Uma nova etapa na busca por soluções farmacológicas para o desejo sexual feminino foi alcançada. O medicamento Addyi, popularmente comparado a um 'Viagra feminino', acaba de receber uma importante ampliação em sua indicação pela agência regulatória americana, o FDA. A pílula de cor rosa, cujo princípio ativo é a flibanserina, agora está oficialmente aprovada para tratar o transtorno do desejo sexual hipoativo em mulheres na pós-menopausa, um grupo que frequentemente sofre com a queda da libido.
Esta decisão, anunciada em dezembro de 2025, marca um capítulo significativo na longa e tortuosa jornada da droga, que começou a ser desenvolvida como um antidepressivo e só em 2015 obteve sua primeira autorização, ainda que para um público restrito. A nova chancela representa uma vitória para a farmacêutica Sprout Pharmaceuticals e sua CEO, Cindy Eckert, que liderou uma batalha de anos junto ao órgão regulador.
Uma longa estrada até a aprovação
O caminho da flibanserina até as prateleiras foi marcado por controvérsias e rejeições. Inicialmente recusada pelo FDA devido a benefícios considerados modestos e à presença de efeitos colaterais, a droga precisou vencer a resistência das autoridades. Seus efeitos adversos incluem tontura e náusea, e a bula carrega um alerta de caixa preta — o mais grave exigido pela FDA — sobre o risco de quedas perigosas de pressão arterial e desmaios se o comprimido for combinado com consumo de álcool.
Esses fatores contribuíram para que as vendas do Addyi, desde seu lançamento há uma década, permanecessem abaixo das projeções iniciais. A comparação com o sucesso estrondoso do Viagra, lançado em 1998, sempre foi um ponto de discussão, mas especialistas ressaltam que as drogas atuam de formas completamente diferentes.
Como funciona a 'pílula rosa'?
Enquanto o Viagra atua na circulação sanguínea do pênis, resolvendo um problema mecânico, a flibanserina age diretamente no cérebro. Ela modula neurotransmissores como a serotonina e a dopamina, que estão ligados ao humor e ao apetite, com o objetivo de influenciar o desejo sexual.

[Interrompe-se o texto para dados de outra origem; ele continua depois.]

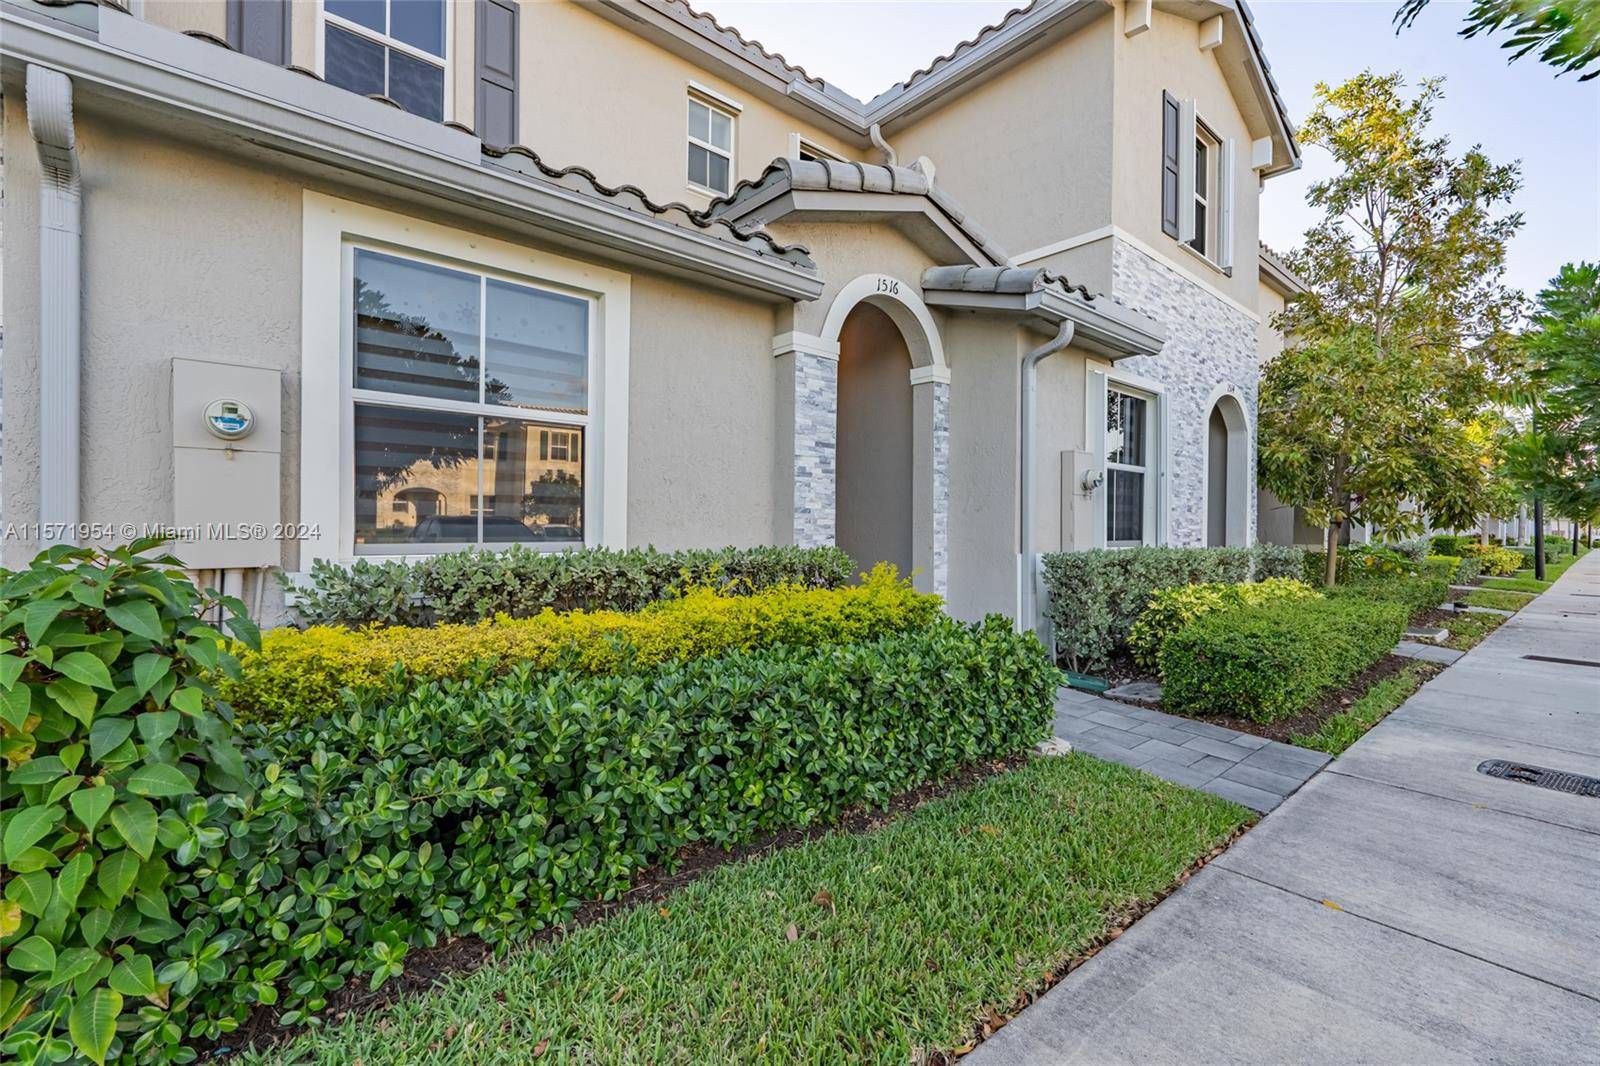 Charming townhome in Homestead, with 3 bedrooms and 3 full bathrooms.

Seu foco é o transtorno do desejo sexual hipoativo, uma condição complexa descrita nos anos 1990, caracterizada por uma falta persistente de libido que causa sofrimento emocional.
A ginecologista Lúcia Alves, vice-presidente da Comissão Nacional de Sexologia da Febrasgo, explica que o medicamento interfere no desejo, e não na excitação física. "O problema é que os benefícios clínicos ainda são considerados modestos, especialmente quando colocamos na balança os efeitos adversos e o fato de que a resposta varia muito de mulher para mulher", pondera a especialista.
Perspectivas e limitações do tratamento
A ampliação da indicação para mulheres na pós-menopausa abre um novo mercado para o Addyi, atendendo a uma demanda real de um grupo que vê sua expectativa de vida sexual aumentar junto com a longevidade. Estudos apontam que, na dosagem de 100 mg, o comprimido pode melhorar a satisfação sexual e reduzir o sofrimento relacionado à falta de libido, tanto antes como depois da menopausa.
No entanto, os especialistas chamam a atenção para a complexidade do desejo feminino. Fatores psicológicos, a qualidade do relacionamento, a autoimagem corporal e questões hormonais estão sempre em jogo. "Tudo isso mexe diretamente com a libido e nem sempre é capturado nesses estudos", observa Lúcia Alves.
Por enquanto, não há previsão para a liberação ou comercialização do Addyi no Brasil. No país, queixas de baixa libido na pós-menopausa são geralmente manejadas com reposição hormonal e uso controlado de testosterona. Ainda assim, a aprovação renovada da pílula rosa nos Estados Unidos acende um debate importante sobre equidade no tratamento de questões sexuais e materializa um ponto de partida para futuras pesquisas na área.